Is there an efficient algorithm for decomposing an arbitrary Hamiltonian into Pauli strings?

Question

Basically the title. If I have a $2^N\times 2^N$ Hamiltonian $H$ of random numbers (we can take the Hamiltonian as normalized if we want) and $N$ is an integer, is there an efficient way of writing $$ H = \sum_{i}{\beta_iP_i} $$ where $\beta_i \in \mathbb{C}$ and $P_i$ is a Pauli string and the sum ranges over all such possible tensor product combinations of the Pauli group, $\{I,X,Y,Z\}$. Apologies if my notation is non-standard; let me know if any clarification is needed.

Also, I say efficient because I am aware of such solutions as this and this, but these seem to become exponentially hard in $N$.

Answer 1

For example see the one proposed recently in https://arxiv.org/abs/2401.16378. In my tests, I could decompose random $N=11$-qubit Hamiltonian in about $ \sim 150$ minutes.

Answer 2

Your output size is $4^n$ numbers, so you're certainly not going to do better than $\Omega(4^n)$ complexity.
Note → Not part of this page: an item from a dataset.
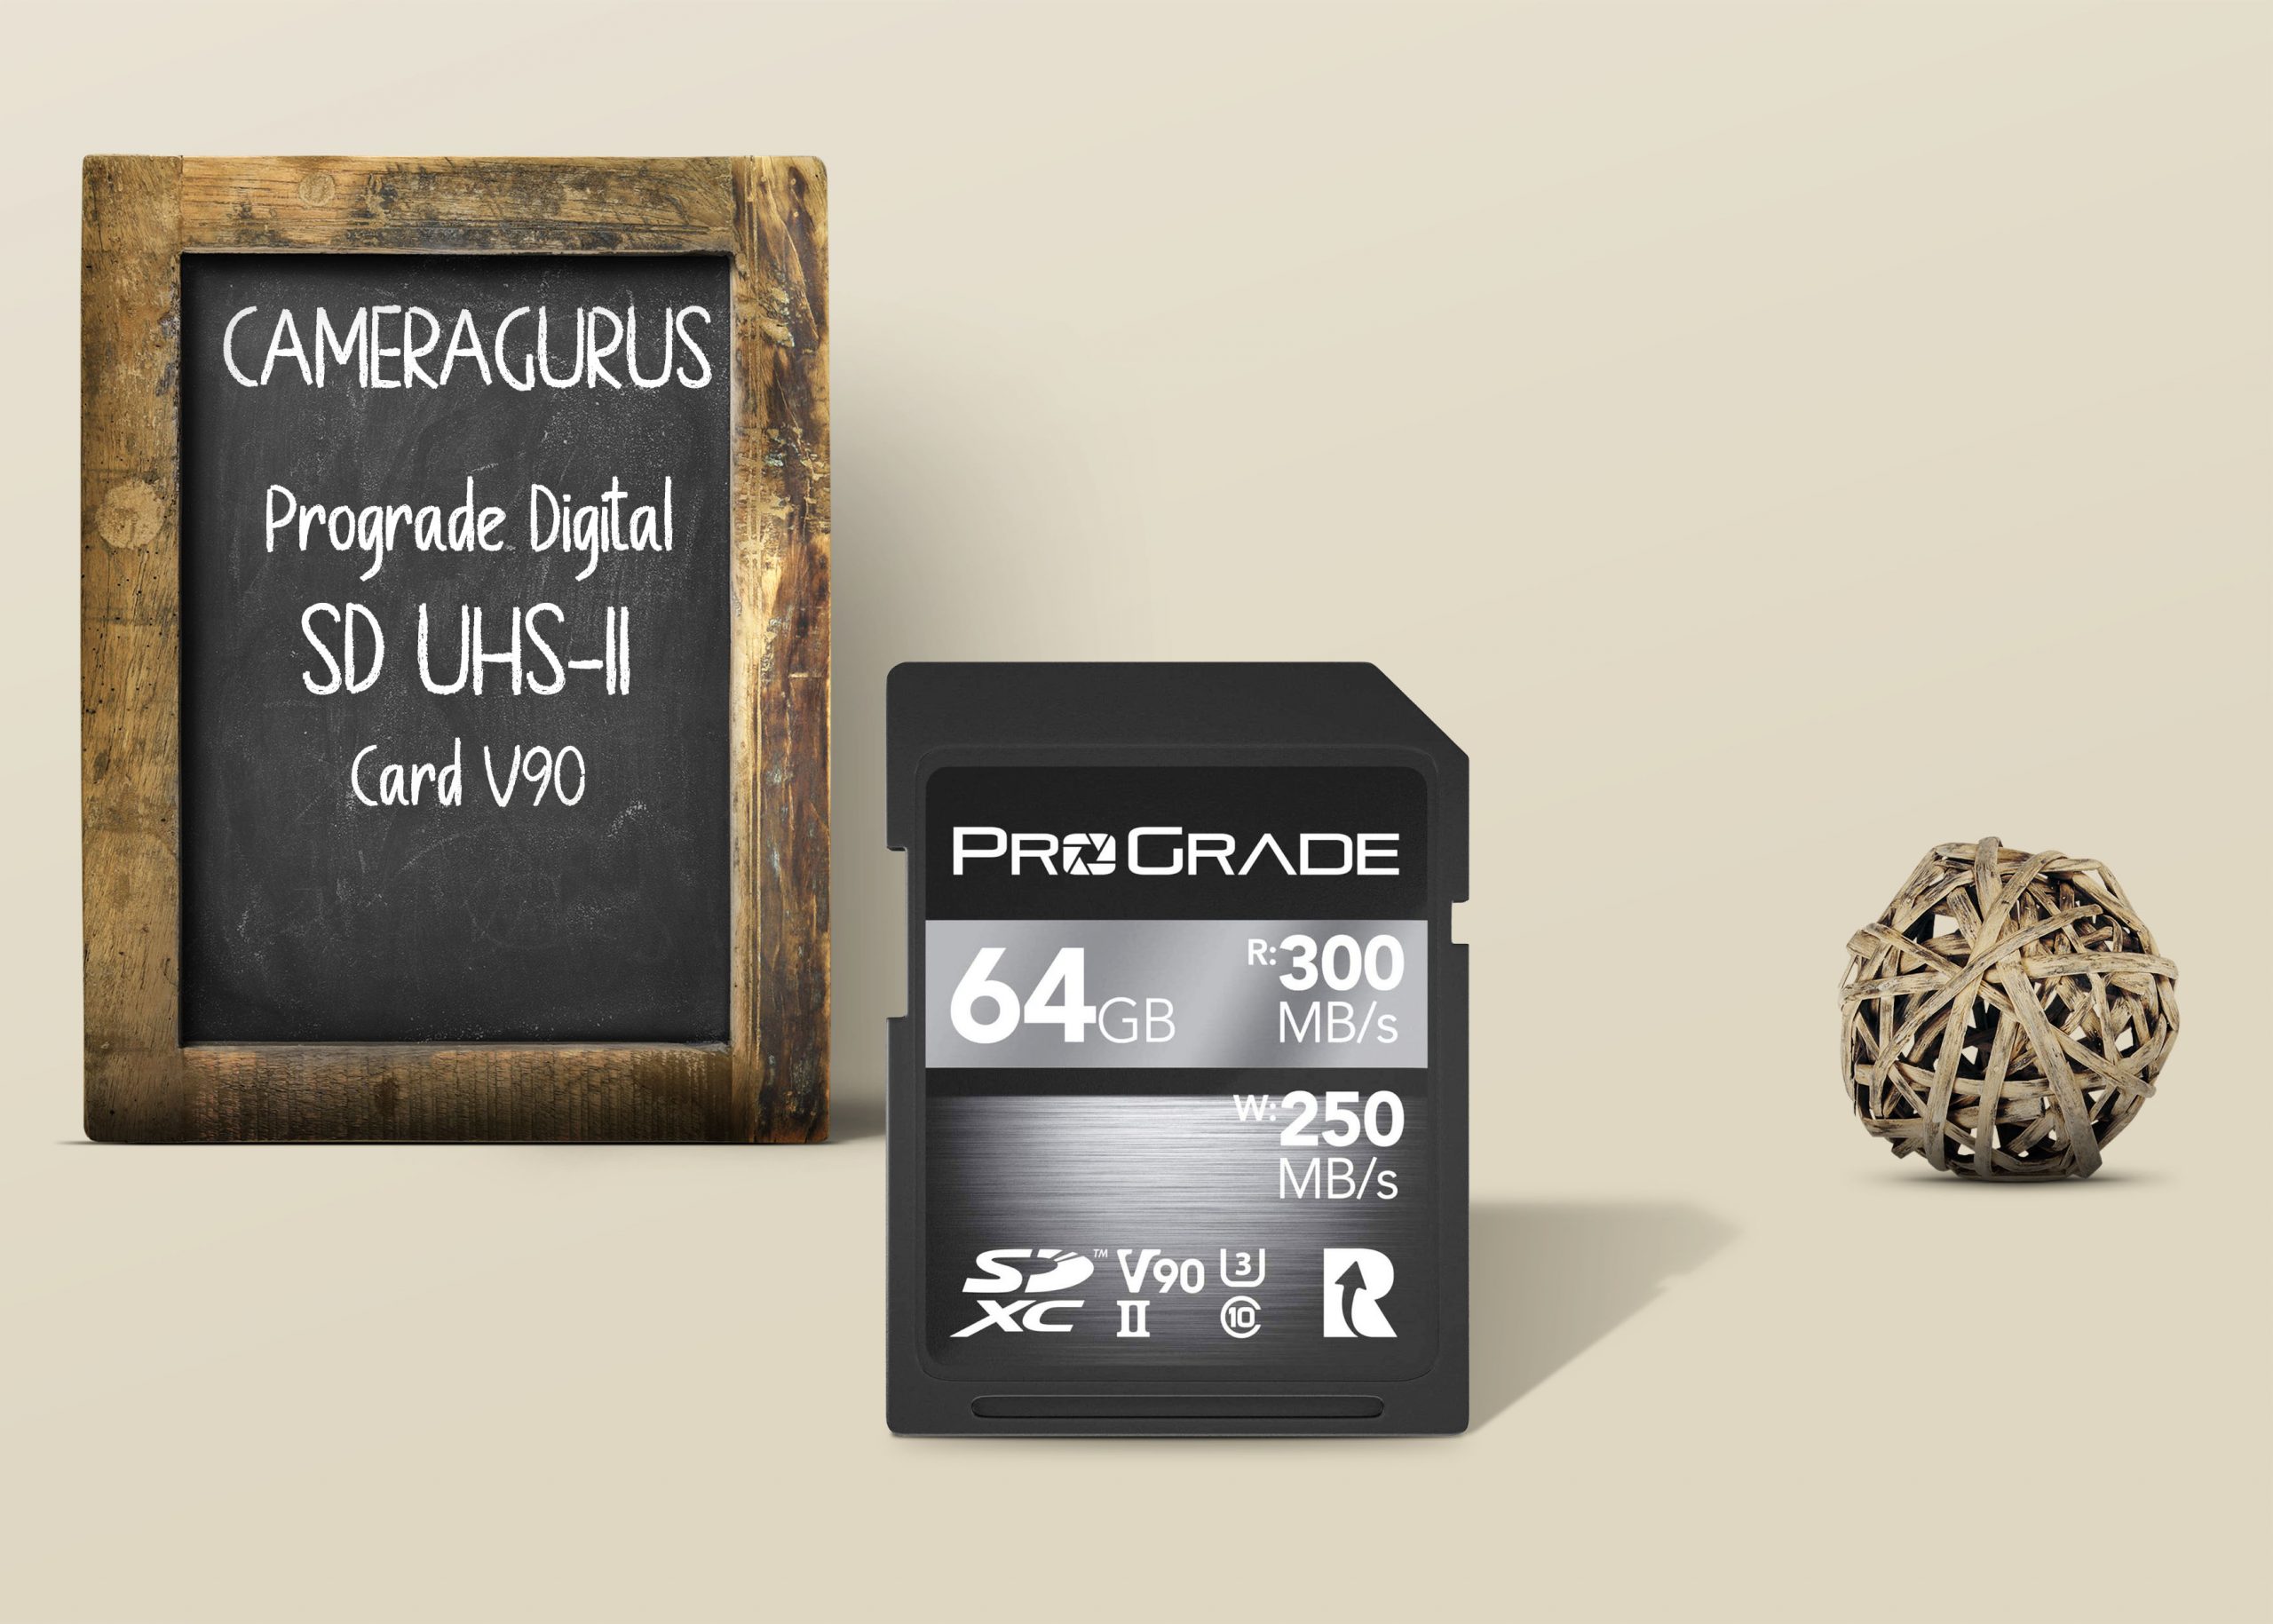 Prograde Digital SD UHS II Card V90

At least, not without some sort of sparsity guarantee and some way to compute those big terms analogous to the sparse fast fourier transform.

Anyways, it turns out that you can get all $4^n$ numbers by interpreting your matrix as a vector and simulating applying the same quantum circuit you would apply to measure in the Bell basis. This takes $O(4^n)$ space and $O(n 4^n)$ time:

In more classical computing terms: take your matrix of coefficients, permute each column so that the entry at offset $j$ in column $k$ ends up at offset $j \oplus k$ in column $k$, then apply the classical Hadamard transform to each column (or maybe each row? I can never keep that straight). The matrix now contains the Pauli term coefficients.